4º. The flank march, from Dos Barrios to Santa Cruz, although intended to turn the French left, and gain Madrid, was a circuitous route of at least a hundred miles, and, as there were three rivers to cross, namely, the Tagus, the Tajuna, and Henares, only great rapidity could give a chance of success; but Areizaga was slow. So late as the 15th, he had passed the Tagus with only two divisions of infantry. Meanwhile the French moving on the inner circle, got between him and Madrid, and the moment one corps out of the three opposed to him approached, he recrossed the Tagus and concentrated again on the strong ground of Santa Cruz de la Zarza. The king by the way of Aranjuez had, however, already cut his line of retreat, and then Areizaga who, on the 10th, had shrunk from an action with Sebastiani, when the latter had only eight thousand men, now sought a battle, on the same ground with the king, who was at the head of thirty thousand; the first corps being also in full march upon the Spanish traces and distant only a few miles. Here it may be remarked that Victor, who was now to the eastward of the Spaniards, had been on the 9th to the westward at Yebenes and Mora, having moved in ten days, on a circle of a hundred and fifty miles, completely round this Spanish general, who pretended, to treat his adversaries, as if they were blind men.

5º. Baron Crossand, it is said, urged Areizaga to entrench himself in the mountains, to raise the peasantry, and to wait the effect of Albuquerque’s and Del Parque’s operations. If so, his military ideas do not seem of a higher order than Areizaga’s, and the proposal was but a repetition of Mr. Frere’s former plan for Albuquerque; a plan founded on the supposition, that the rich plains of La Mancha were rugged mountains. In taking a permanent position at Santa Cruz or Tarancon, Areizaga must have resigned all direct communication with Andalusia, and opened a fresh line of communication with Valencia, which would have been exposed to the third corps from Aragon. Yet without examining whether either the Spanish general or army were capable of such a difficult operation, as adopting an accidental line of operations, the advice, if given at all, was only given on the 18th, and on the 19th, the first corps, the fourth, the greatest part of the fifth, the reserve and the royal guards, forming a mass of more than fifty thousand fighting men, would have taught Areizaga that men and not mountains decide the fate of a battle. But in fact, there were no mountains to hold; between Zarza and the borders of Valencia, the whole country is one vast plain; and on the 18th, there was only the alternative of fighting the weakest of the two French armies, or of retreating by forced marches through La Mancha. The former was chosen, Areizaga’s army was destroyed, and in the battle he discovered no redeeming quality. His position was ill chosen, he made no use of his cavalry, his left wing never fired a shot, and when the men undismayed by the defeat of the right, demanded to be led into action, he commanded a retreat, and quitted the field himself at the moment when his presence was most wanted.

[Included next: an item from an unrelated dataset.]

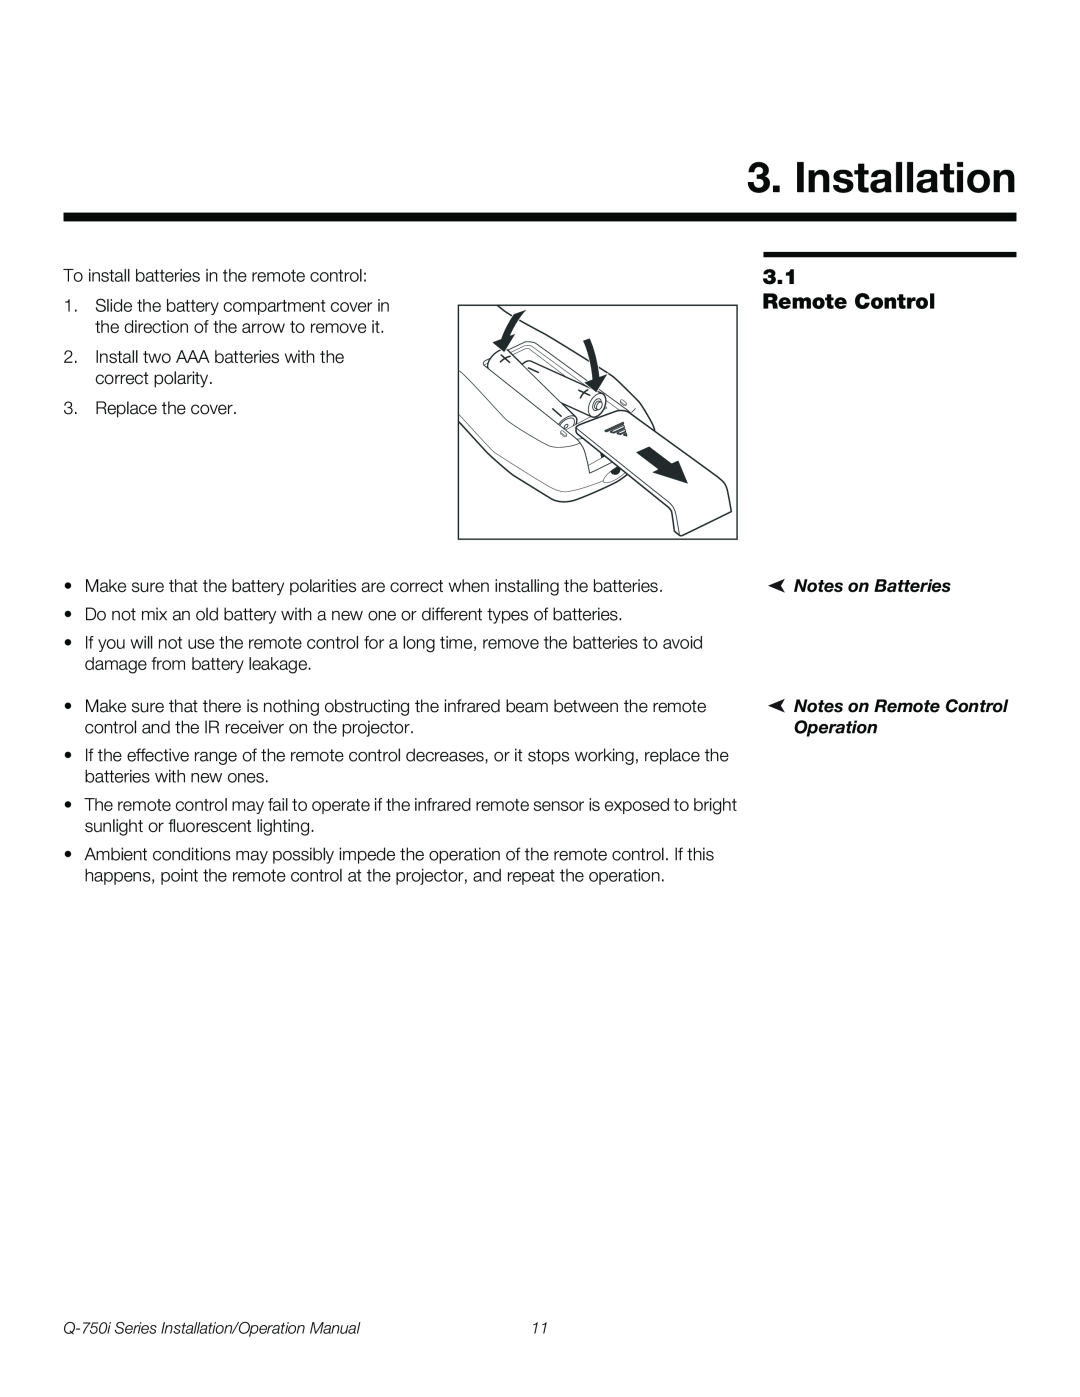 Runco Q-750I operation manual Installation, Notes on Batteries, Notes on Remote Control Operation

6º. The combinations of the French were methodical, well arranged, effectual, and it may seem misplaced, to do ought but commend movements so eminently successful. Yet the chances of war are manifold enough to justify the drawing attention to some points of this short campaign. Areizaga’s burst from the mountains was so unexpected and rapid, that it might well make his adversaries hesitate; and hence perhaps the reason why the first corps circled round the Spanish army, and was singly to have attacked the latter in front at Zarza, on the 19th; whereas, reinforced with the division of the fourth corps from Toledo, it might have fallen on the rear and flank from Mora a week before. That is, during the three days Areizaga remained at Dos Barrios, from whence Mora is only four hours march.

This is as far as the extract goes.